You can give up to $12,000 per beneficiary each year without incurring a
gift tax or needing to report the gift on a tax return. Married couples can
transfer a total of $24,000 per beneficiary. In addition, there is a
lifetime $1 million exclusion for gifts and inheritances made above the
limits, known as the Unified Estate and Gift Tax Credit.
Such gifts typically reduce your taxable estate.
If you gave in excess of the limits, you will need to file a gift tax
return (IRS Form 709) with your income tax return.
There are, however, several exceptions:
- With contributions to section 529 plans, there is an accelerated
gift option that allows a donor to average gifts that exceed the limits
over a five year period
without incurring federal gift tax. This allows the donor to give up to
$60,000 per beneficiary in a single year ($120,000 for a married
couple through gift-splitting). The donor may not give additional gifts to
the beneficiary during the five year period without incurring the gift
tax. If the donor dies during the five year gift tax averaging period, a
pro-rata portion of the gift will be included in the donor's gross estate
based on the number of years remaining in the 5 year period (not
including the year in which the donor died).

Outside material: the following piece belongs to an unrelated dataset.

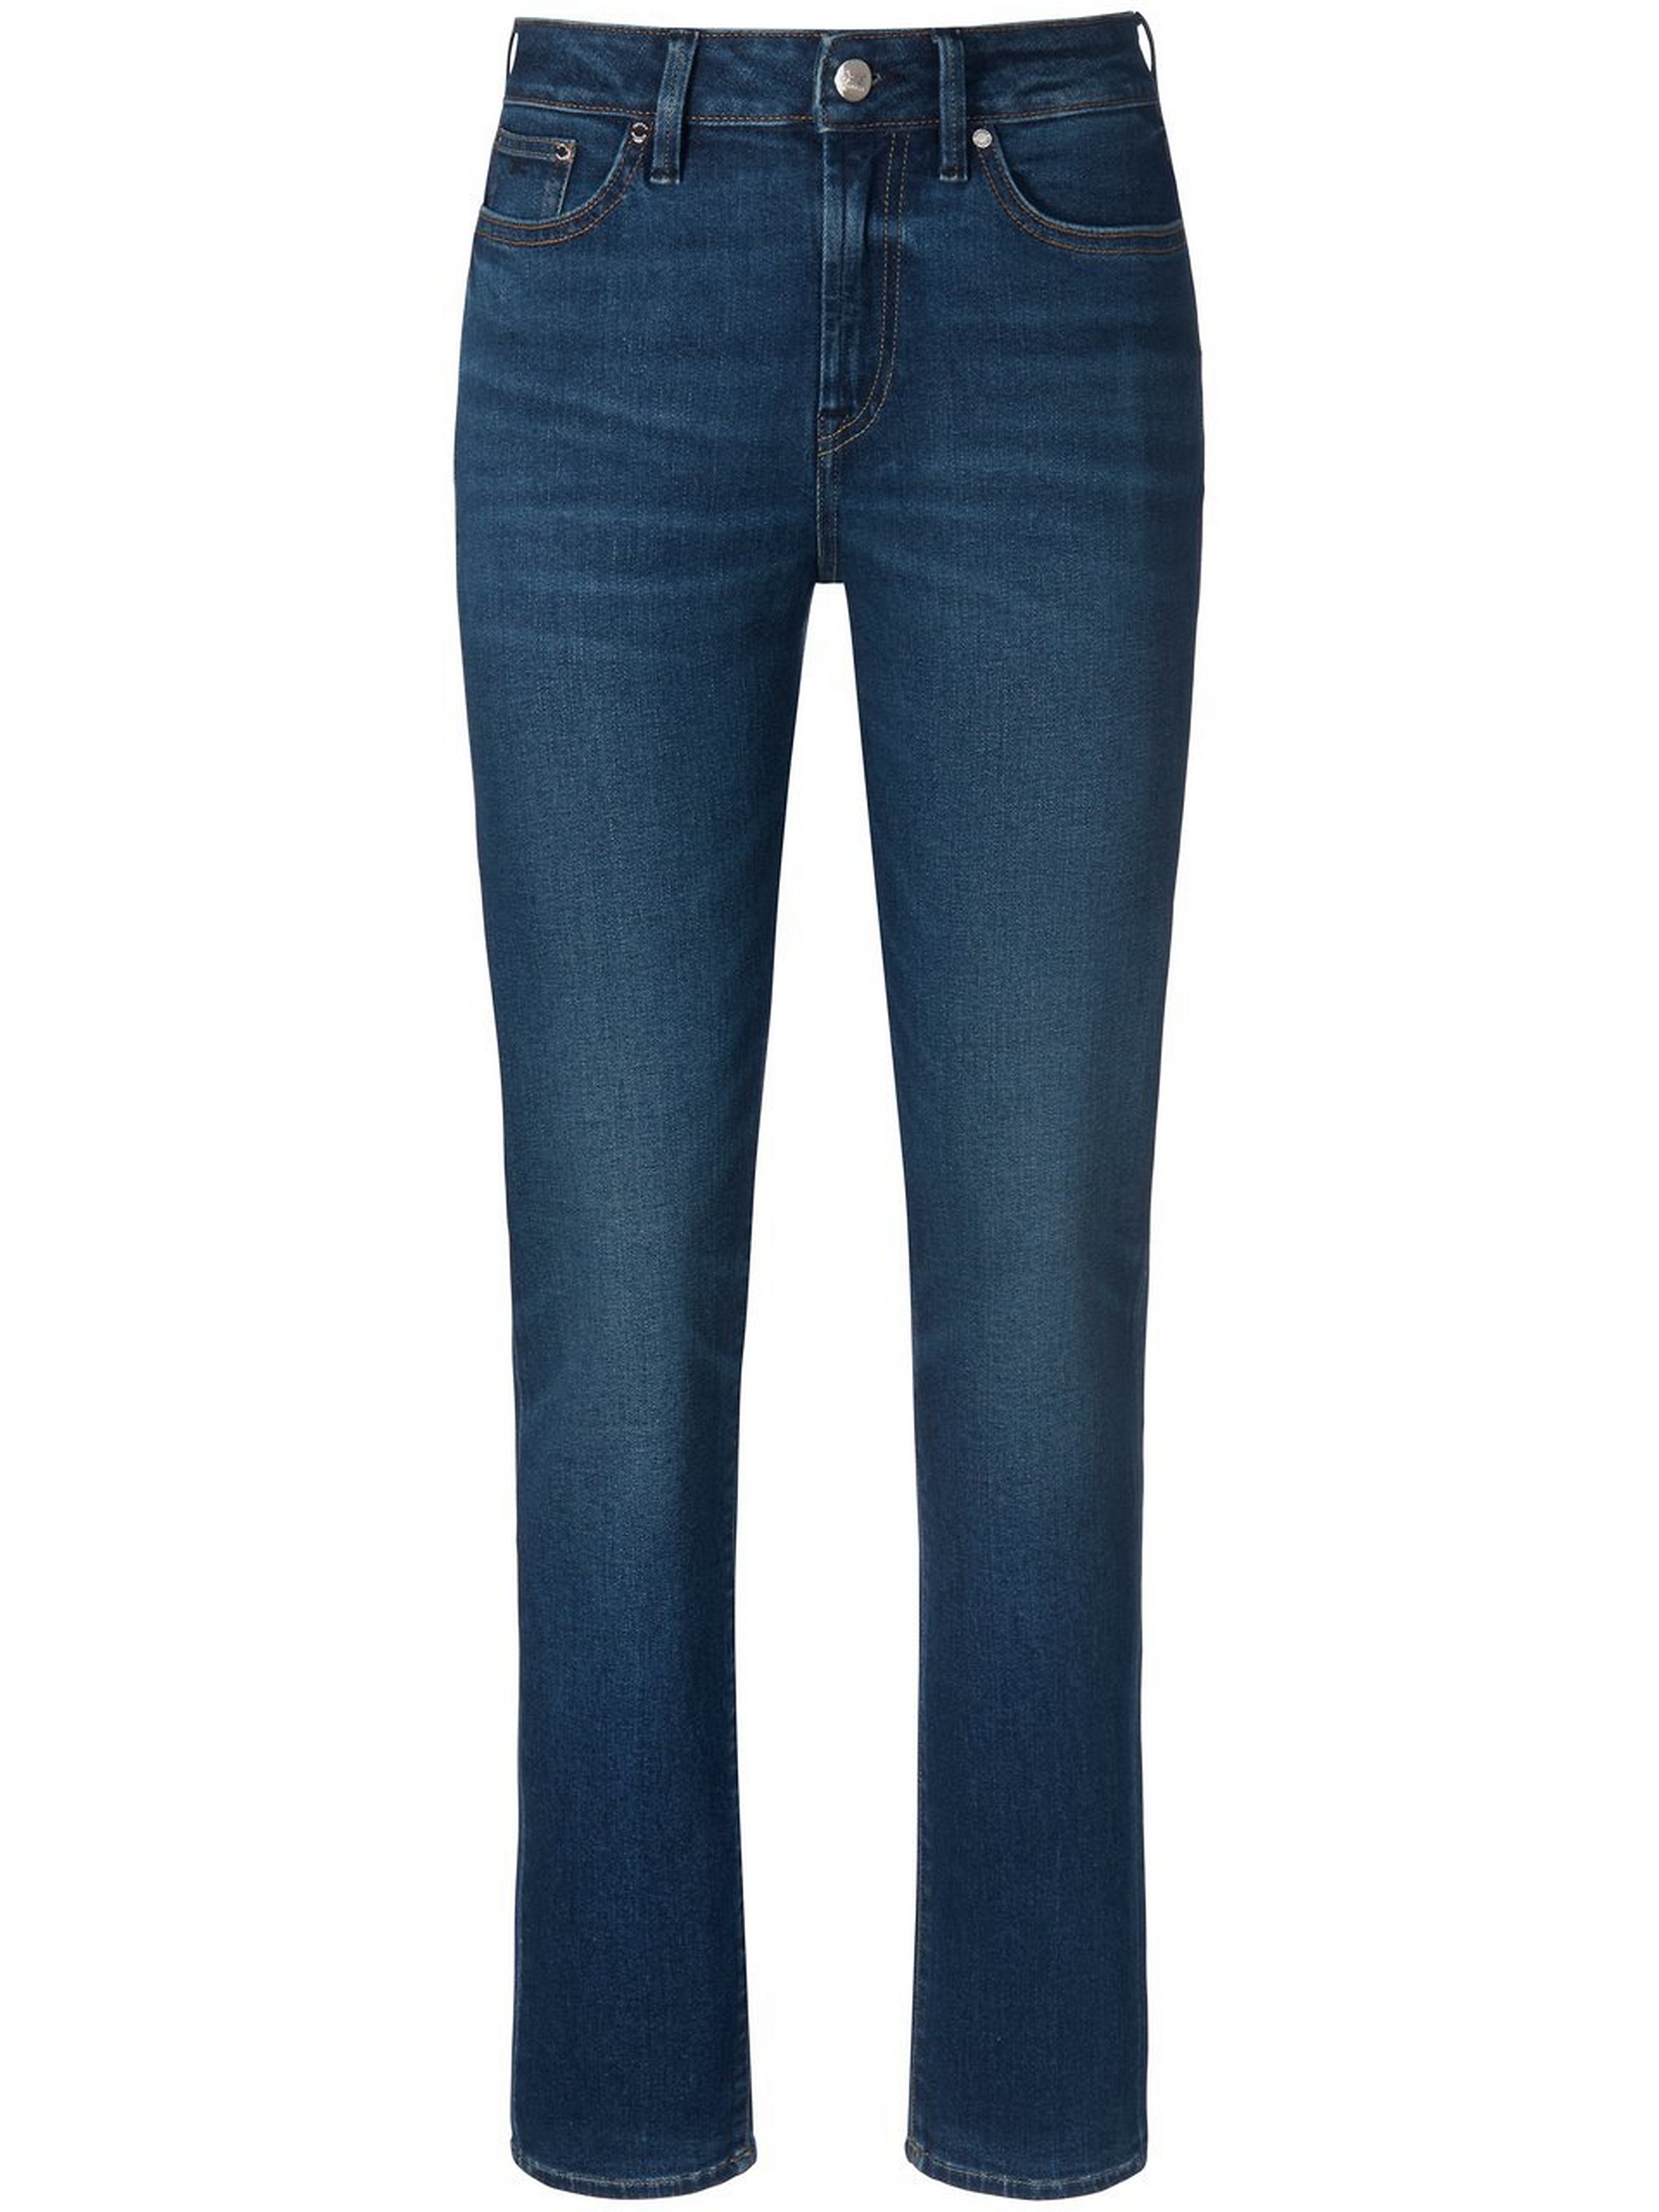 Jeans in inch lengte 30 Van Denham blauw

- Gifts to a spouse are exempt from the gift tax, provided that the
spouse is a US citizen.
- Payments for tuition
or medical care (including health insurance) for other individuals,
provided that the payments are made directly to the educational
institution, hospital/doctor, or insurance company. Reimbursing
someone else for these expenses doesn't count. (IRC Section 2503(e).)
- Gifts to a trust for the benefit of an individual must satisfy
certain requirements, such as being irrevocable, in order to qualify
for the $12,000 exclusion from the gift tax.

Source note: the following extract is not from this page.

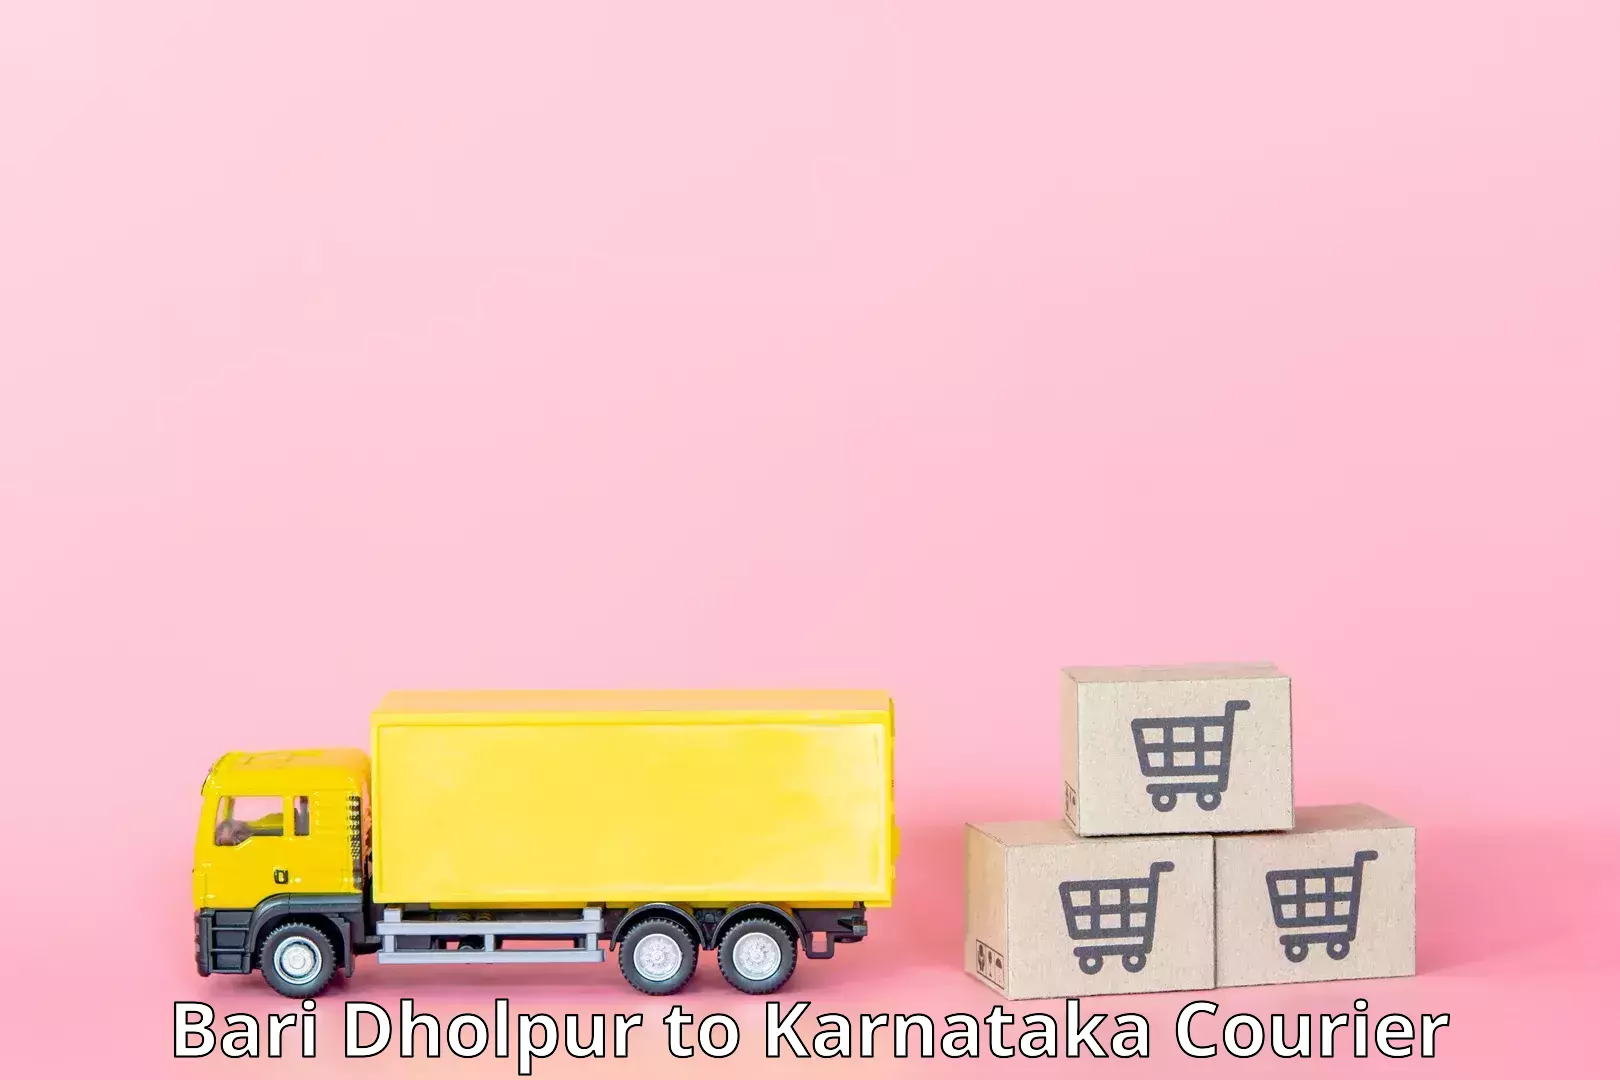 Nationwide shipping services Bari Dholpur to Karnataka

- The gift must be of a present interest in the property. A gift of
a future interest in the property does not qualify for the gift tax
exclusion.
These provisions allow most parents to jointly give up to $24,000 a year to
each child without incurring gift tax. Likewise, each pair of living
grandparents can jointly give each grandchild up to $24,000 a year
without incurring gift tax.
If you give property instead of cash, the beneficiary receives your
tax basis in the property. This is in contrast to property transferred
through your estate, which receives a stepped-up basis equal to its fair
market value at the time of your death. So if your gift has a low tax
basis, the beneficiary may incur substantial capital gains when he or
she sells the property. For this reason, when giving property it is
best to select gifts that have a relatively high basis.
To be removed from your estate, gifts must be complete on the date you
die. For example, if you made a gift by personal check but the check
was not cashed or did not yet clear your account on the day you die,
the funds will be included in your gross estate. A gift by cashiers
check, however, does not suffer from this problem because the bank
debits your account immediately upon issuing the cashier's check.

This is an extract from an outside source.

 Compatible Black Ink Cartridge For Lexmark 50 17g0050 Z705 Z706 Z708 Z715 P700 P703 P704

Gifts made from a revocable living trust for which you are a trustee
will be included in your estate if you die within three years of the
gift. Accordingly, it is
better to change the title on such a gift from the trustee to your name
individually, and only then give the property to the intended recipient.
Any money in custodial accounts for which you are the custodian will
be counted as part of your taxable estate. To avoid this, select
someone other than you or your spouse as the custodian or trustee.
If you inadvertently exceed the gift tax exclusion (i.e., your 529
plan and Coverdell Education Savings Account contributions exceeded
the limits), you can avoid paying federal gift tax by taking advantage
of the accelerated gift option for 529 plans. This lets you average
all or part of your 529 plan contributions over a five-year period,
thereby reducing the current year's contribution below the limit.
If you use the gift tax exclusion in IRC section 2503(e) to give money
directly to an educational institution on behalf of a student, you
cannot deduct the money as a charitable contribution. Earmarking the
funds for the benefit of a specific individual eliminates your ability
to take a charitable deduction. The main benefit of such a gift is it
bypasses the $12,000 annual gift tax limit. However, such gifts are
generally counted as a resource because section 2503(e) restricts the
payment "as tuition". This means they will reduce need-based aid dollar for
dollar. In addition, the student must report the amount of the gift as
untaxed income on worksheet B of the subsequent year's FAFSA.